Обличительные стихи вагантов против Рима переписывались по всей Европе и вспоминались даже в эпоху Реформации. И все-таки вагантская сатира была не критикой, а самокритикой духовного сословия. Бичуя нравы духовенства, вагант не перестает ощущать себя частицей этого духовенства, ибо только оно хранит драгоценную латинскую культуру. Ко всем остальным сословиям вагант относится свысока. Рыцарей он осуждает как грубых невежд: и дебат Флоры и Филлиды, и аналогичный дебат «Ремирмонский собор» заканчиваются приговором, что клирик достойнее любви, чем рыцарь.

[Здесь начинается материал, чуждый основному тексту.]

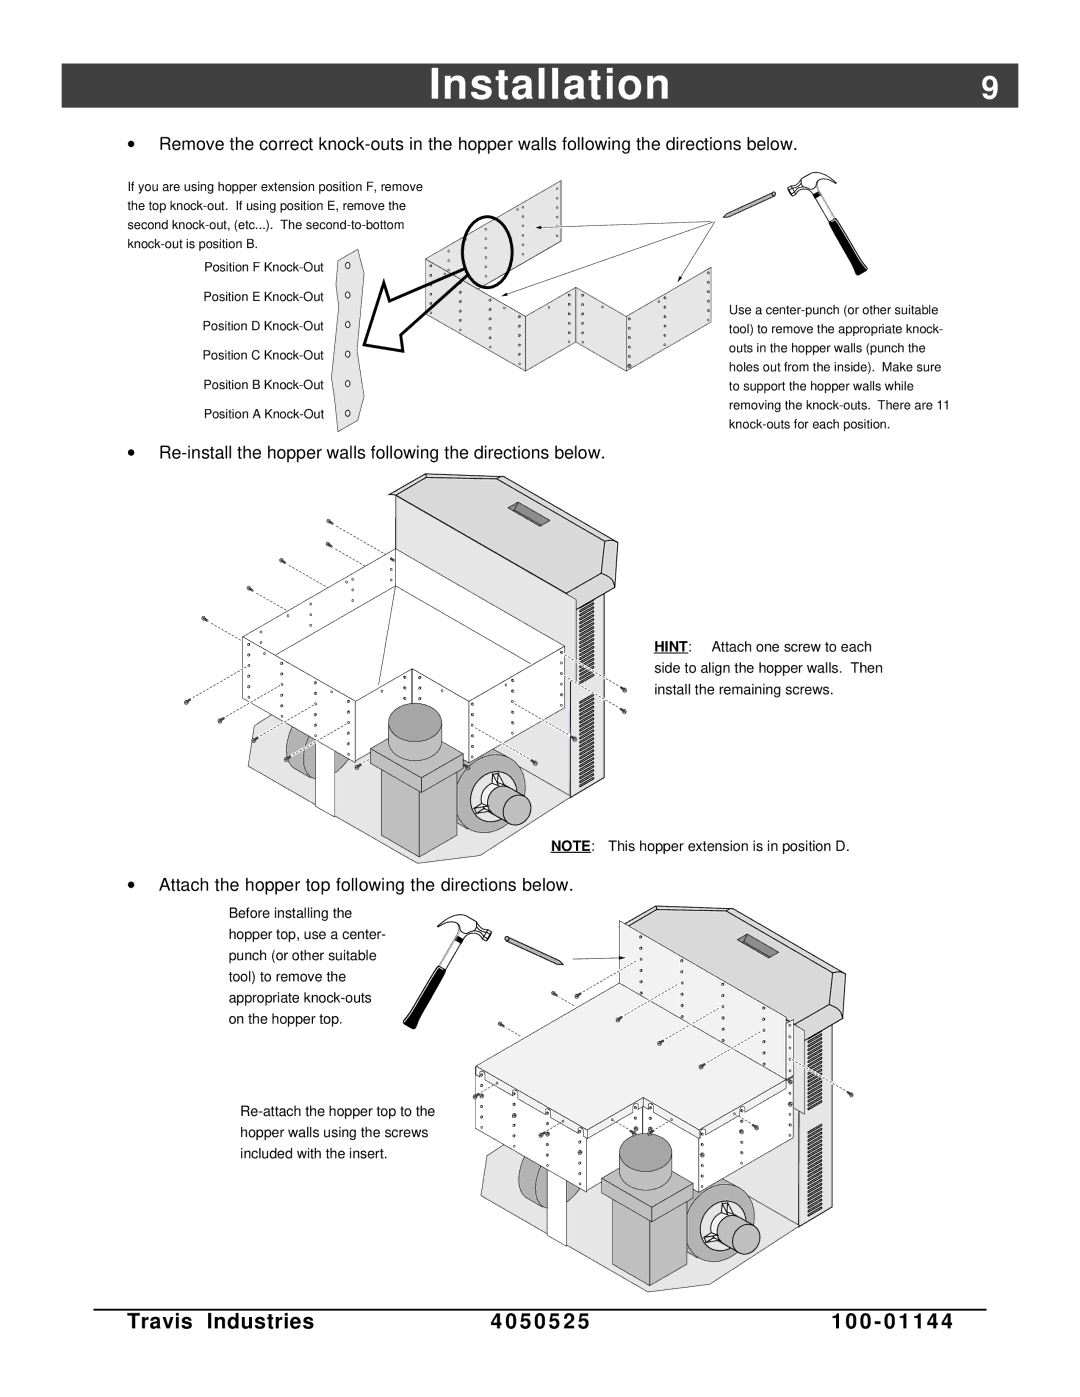 Avalon Stoves Indoor Fireplace manual Installation9, Re-install the hopper walls following the directions below 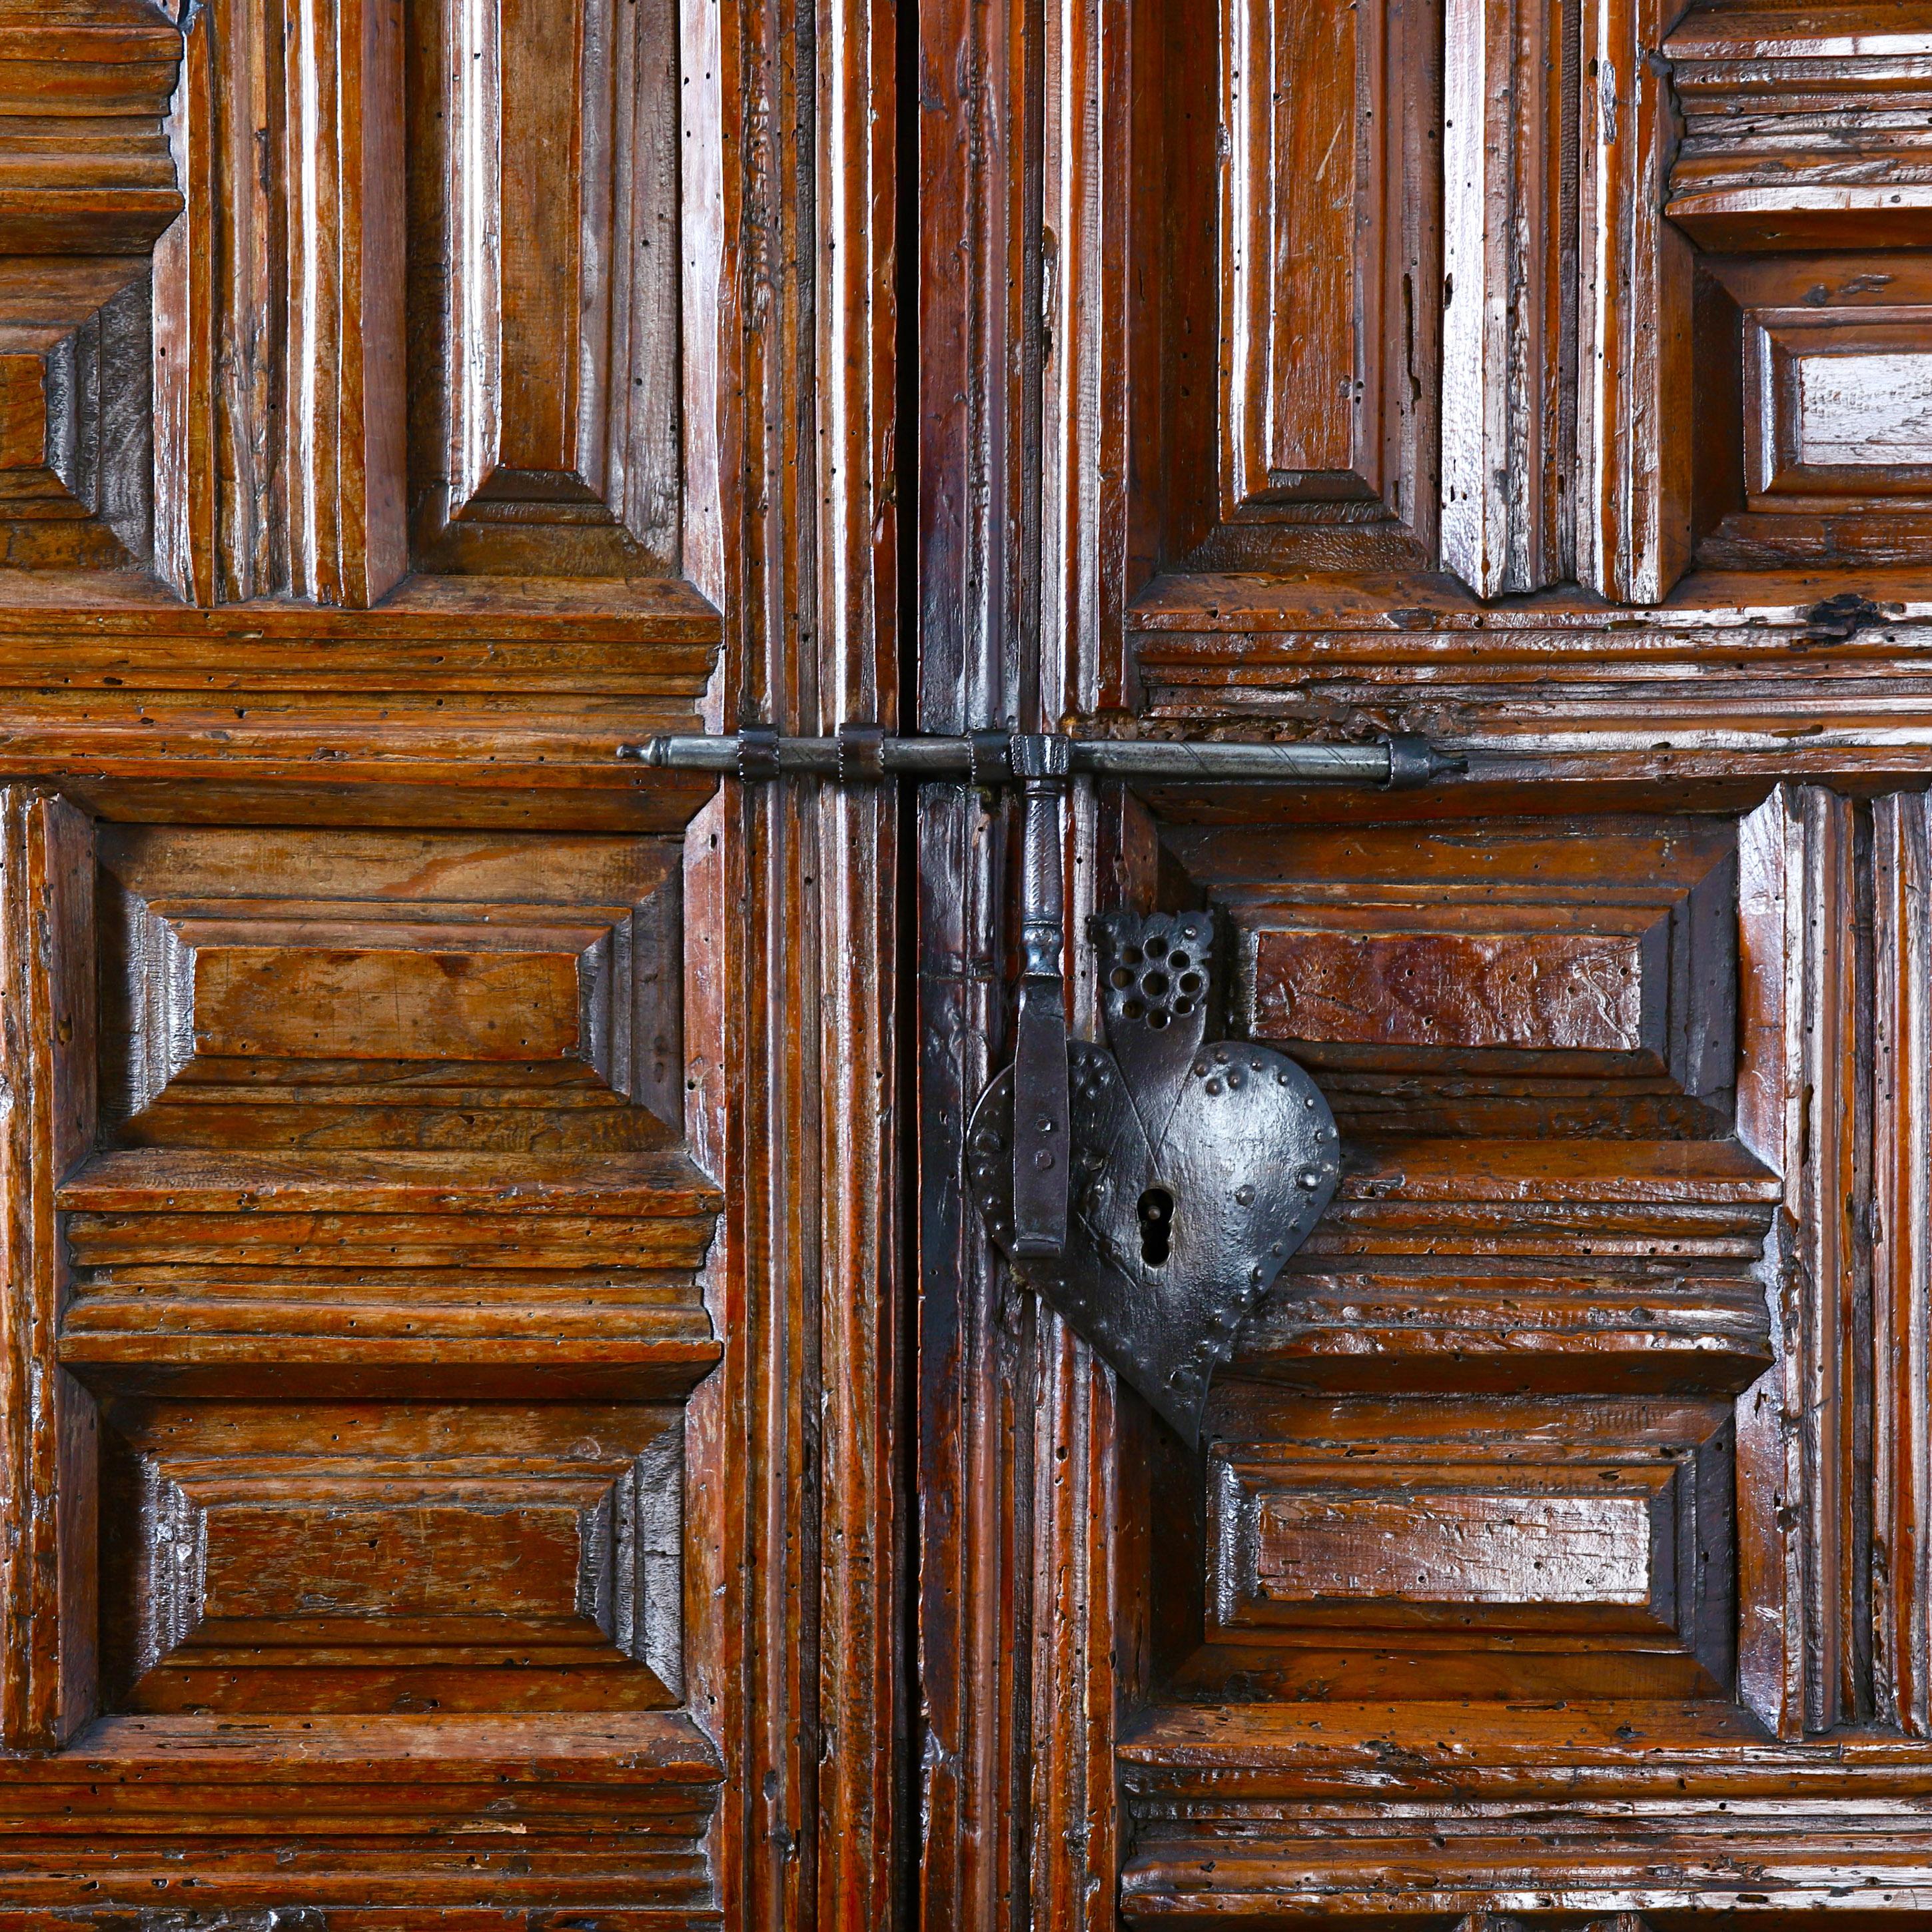 A charming provincial 17th century Spanish cupboard all carved from solid walnut, with geometric panels, and wonderful original ironwork in the shape of a love heart more than likely indicating this would've been a wedding gift or marriage

Крестьян он ненавидит откровенной классовой ненавистью: «Господи, ты, который посеял великую рознь между клириками и мужиками, дай нам жить трудами рук их и услаждаться женами их и дочерьми их и смертью их», — говорится в «игрецкой мессе». Наконец, горожан он совсем не замечает: хоть жизнь школяров протекала в епископских городах, и дух их поэзии во многом перекликается с духом нарождающейся городской литературы, никаких отголосков городской жизни в этой поэзии нет. Трагизм вагантской идеологии в том, что вагант, хоть и нищий, чувствует себя аристократом духа и ищет только просвещенных ценителей; он много горьких слов может сказать своему сословию, но принадлежит этому сословию плотью и кровью. Это определило недолговечность вагантской поэзии: она не пережила клерикально-рыцарского периода европейской культуры. Возрождению она не понадобилась.

516

XII век заполнен творчеством зачинателей вагантской поэзии, XIII век — деятельностью безымянных эпигонов, а к XIV в. эта латинская лирика полностью сходит со сцены. Кризис перепроизводства ученых клириков рассосался сам собой, интересы ученого сословия переключились с овидианства на схоластику и мистику, по дорогам вместо бродячих школяров потянулись бродячие монахи-проповедники. А художественный опыт, накопленный латинской лирикой вагантов, перешел к рыцарской лирике на новых языках, располагавшей несравненно более широкой аудиторией. В популярной вагантской поэме-дебате о том, кто достойнее любви — клирик или рыцарь, Флора говорит Филлиде:

Силу чар Венериных и любви законы Самым первым высказал клирик мой ученый: Рыцарь лишь за клириком стал певцом Дионы, И в твоей же лире есть клириковы звоны, —

            (Перевод Б. Ярхо)

Поэзия трубадуров родилась одновременно с поэзией вагантов и жила с нею в сложном взаимовлиянии; поэзия северофранцузских труверов, по существу, была тоже творчеством клириков-латинистов, но переключившихся на обслуживание новоязычной рыцарской публики; поэзия немецких миннезингеров в сильнейшей степени опиралась на чувственную лирику вагантов в своей эволюции от изысканно-придворного к грубовато-сельскому стилю. Так прошла через латинскую школу и эта отрасль новоевропейской литературы, которой предстояла такая великая будущность в эпоху Возрождения и в Новое время.